Steve Benen has a great report and analysis on how substantive health care reform is swirling near the bottom of the bowl today. He helpfully reminds us of the old axiom about the making of sausage and why you don’t want to watch it. This process is no different. Taking that as a starting point, I don’t think it’s all that difficult for us to draw a few conclusions about the main stumbling blocks which are driving this thing off the rails.

1. It’s all about the Benjamins. On the GOP side, we don’t really need to call in Sherlock Holmes for this one. The simple fact that the proposal is something desired by the Democratic Party in general and President Obama specifically is more than enough reason for some Republicans to oppose it. But plenty more are genuinely worried about the cost. But here’s the secret: we won’t see a public admission, but Obama and the Dem leadership are more than literate enough to read the latest polls. Most Americans are beginning to panic about the mountain of debt that’s just dropped on us, coming in as the number one concern among voters in two recent polls. Once the OMB put a price tag of at least 1.5 trillion on the original scheme, they began seeing visions of their new congressional majority and ownership of the Oval Office evaporting in 2010 and 2012, respectively. A cheaper plan was needed to still make it look like “a win” as if they were actually doing something, but not throwing that much money at yet another problem. Any health care reform plan that has a trillion-dollar-plus price tag on it is now dead on arrival.

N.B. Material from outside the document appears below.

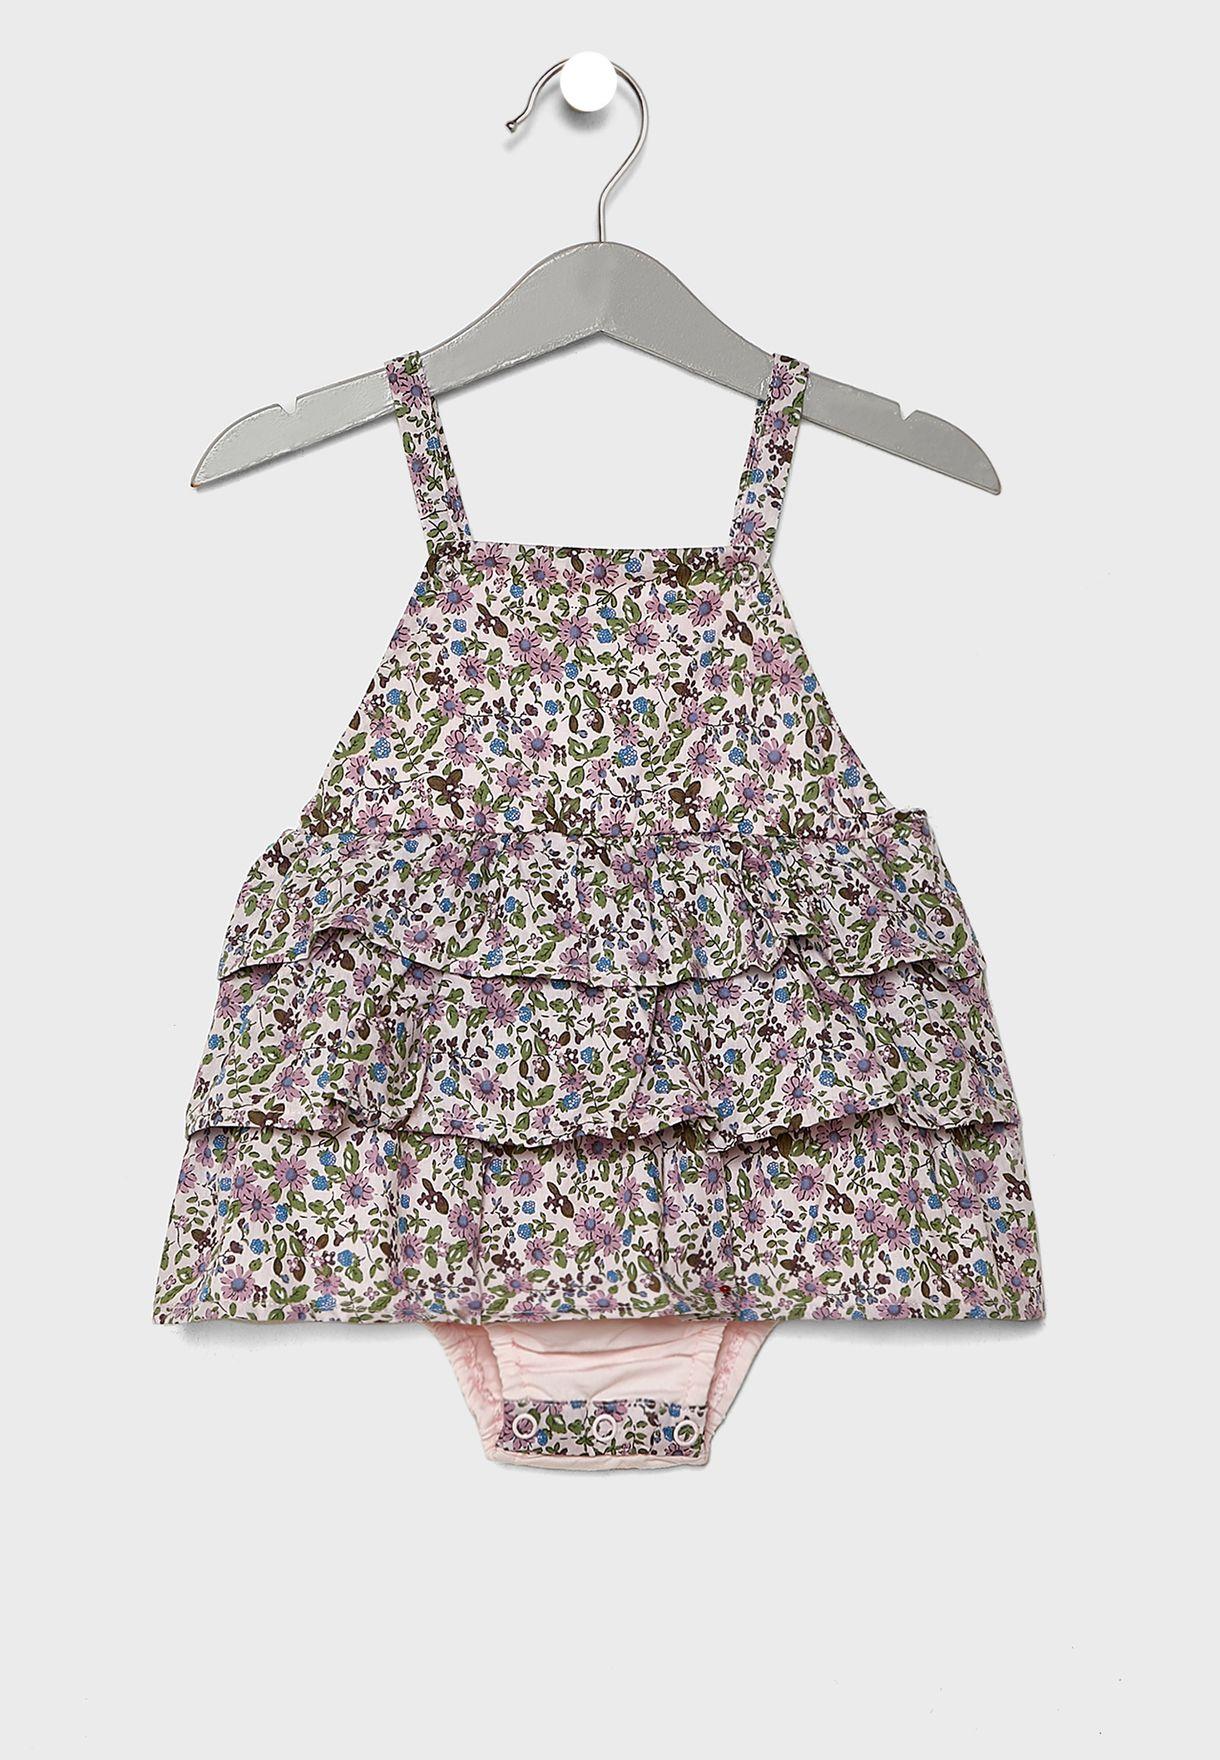 فستان بحمالات وطبقات كشكش

2. They hear their masters’ voices. Here’s one that you will never see showing up in a press conference on the Hill. How did the noxious bankruptcy bill pass so easily a couple of years ago? How do credit card companies and trial lawyers continue to get their way on financial regulation and limitations for nuisance suits, even when the “party of the people” is in charge? Because that’s who pays for the Beltway’s reindeer games. And nothing has changed just because Barack Obama was elected. If you think you’re going to get all of these people to vote for something that will drastically damage the profitability of an industry the size of the nation’s health insurance giants, you should write fantasy novels for a living. The people who fund these elections on both sides of the aisle are cracking their whips and the politicians (yes, some of your Democrats, too) are falling in line.

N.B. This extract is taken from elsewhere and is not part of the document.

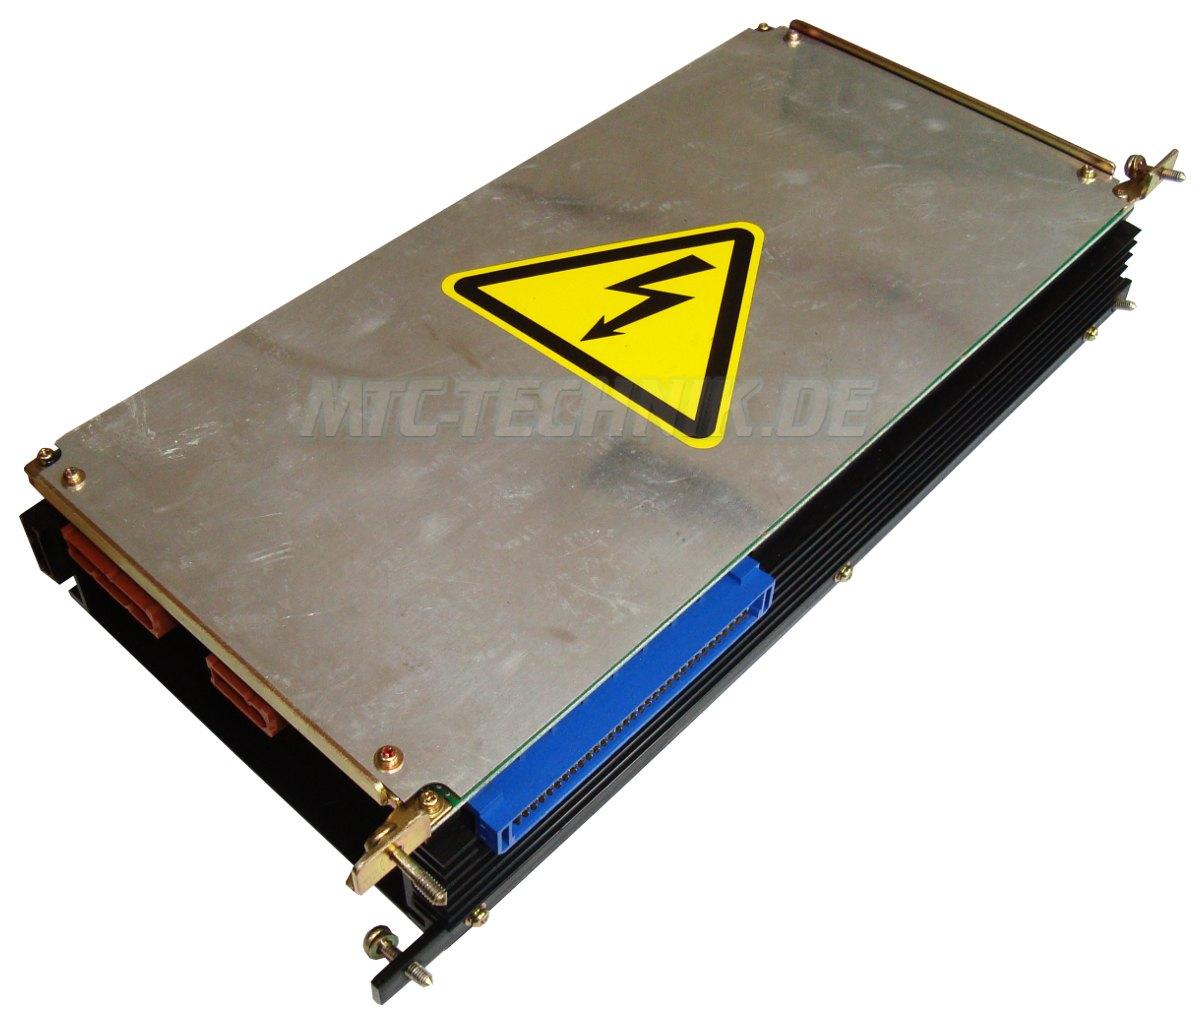 3 Exchange Fanuc A16b-1212-0100-01 Power Supply Unit

3. Greener pastures await. There are less ruinous plans which have already been put forward. Rather than a “public option” — which now looks to be about as dead as anything with a $1T plus price tag — lawmakers are looking at things like public cooperatives, started with federal seed money and requiring reasonable federal oversight. These should be similar in form to the credit unions, agricultural co-ops and energy buying commune plans which are available in my area. They should require far less tax money to implement and raise fewer hackles among Republicans worried about a single-payer system and public option.

President Obama’s honeymoon is effectively over now, and the period in which he can blame everything on his predecessors is rapidly shrinking. (For more, see “The President Who Fell to Earth from the Sky.”) He should be given full credit for attempting bold moves to address big problems, but every action will have consequences now. He is still well loved personally across the nation, but his plans are facing increasingly stiff headwinds, mostly because of the terrifying price tags involved. You’re going to get a “health care reform bill” this year, but at this point I’m pretty sure that it’s going to be a paper tiger, with the primary goal of not having to admit to the Republicans that the Democrats have just been turned back on one of their centerpiece agenda items.

  • Silhouette
    It's not just the democrats taht have been turned back. It's the sick and dying, overworked, broke, disgusted and fed-up populace that has been. Think: Iran.

    That's the level of revolt you're going to be looking at if people are pushed any further on this basic human right.

    It's very simple, laws are being carved to favor a small group of very wealthy people at the expense and exploitation of the huge masses that are at the end of their rope. This never goes very well. Read your history books Congress..

    Do what's right for the country, for once. Anything less would be traitorous. Here's the hidden formula.

    1. Stress = illness.

    2. Overwork and worry = stress

    3. Insurance premiums = need for overwork & worry.

    4. Overwork and worry = illness

    5. Illness = nonproductivity & public assistance.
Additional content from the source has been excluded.